Background: Changes in the demographic, specialty, and employment sector composition of medicine have altered physicians' jobs, limiting autonomy and reducing morale. Because physician job satisfaction has been linked to clinical variables, better measurement might help to ameliorate conditions linked to medical disaffection, possibly improving health care.
Objective: To document conceptual development, item construction, and use of content experts in designing multidimensional measures of physician job satisfaction and global satisfaction scales for assessing physicians' job perceptions across settings and specialties.

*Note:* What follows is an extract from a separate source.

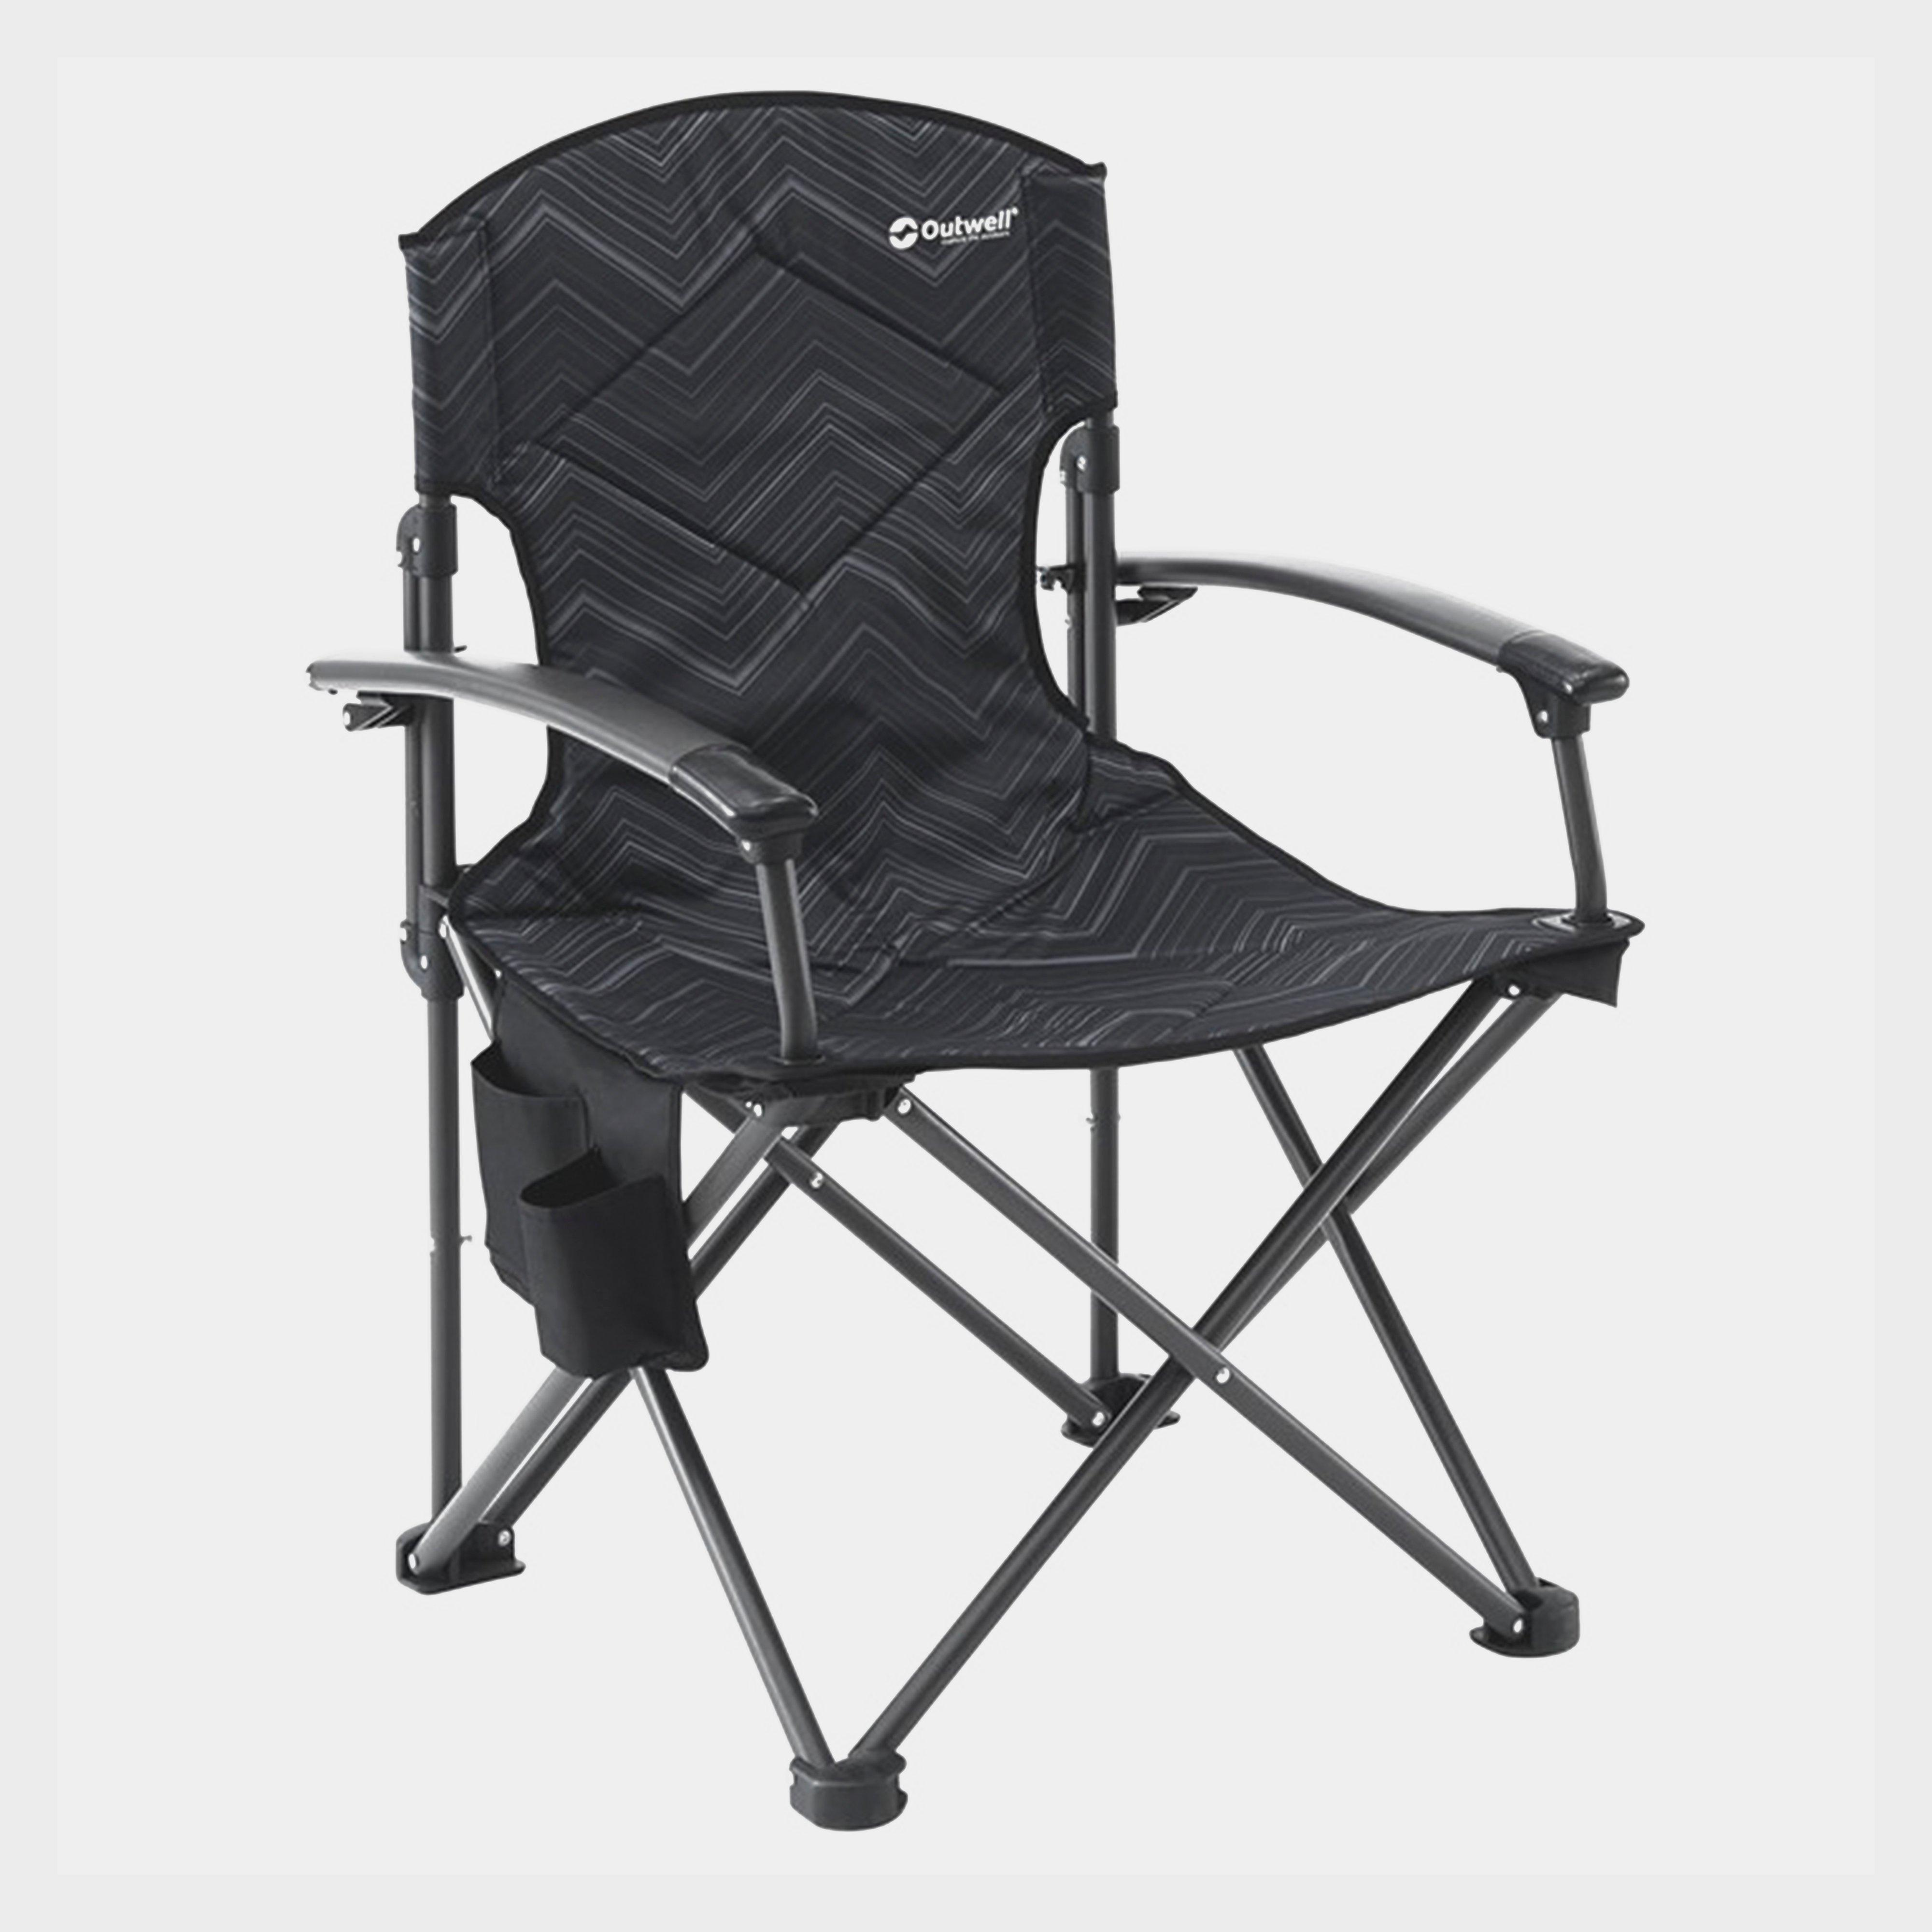 Outwell Fountain Hills Chair - Black, Black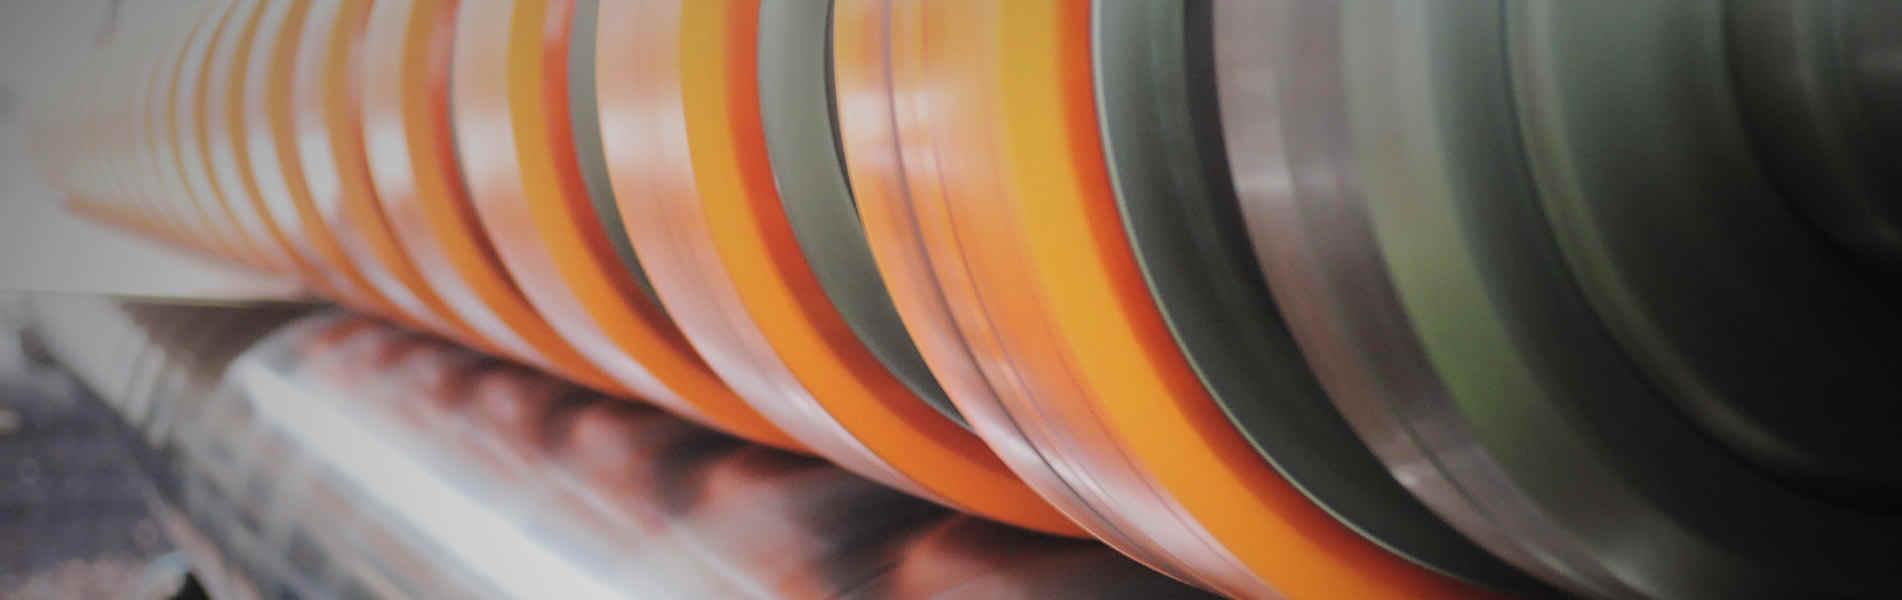 Corrugating line re-installation

Design: Using previous research, physician focus groups, secondary analysis of survey data, interviews with physician informants, and a multispecialty physician expert panel, distinct job facets and statements representing those facets were developed.
Results: Facets from previously validated instruments included autonomy, relationships with colleagues, relationships with patients, relationships with staff, pay, resources, and status. New facets included intrinsic satisfaction, free time away from work, administrative support, and community involvement. Physician status items were reconfigured into relationships with peers, patients, staff, and community, yielding 10 hypothetical facets. Global scales and items were developed representing satisfaction with job, career, and specialty.
Conclusions: A comprehensive approach to assessing physician job satisfaction yielded 10 facets, some of which had not been previously identified, and generated a matching pool of items for subsequent use in field tests.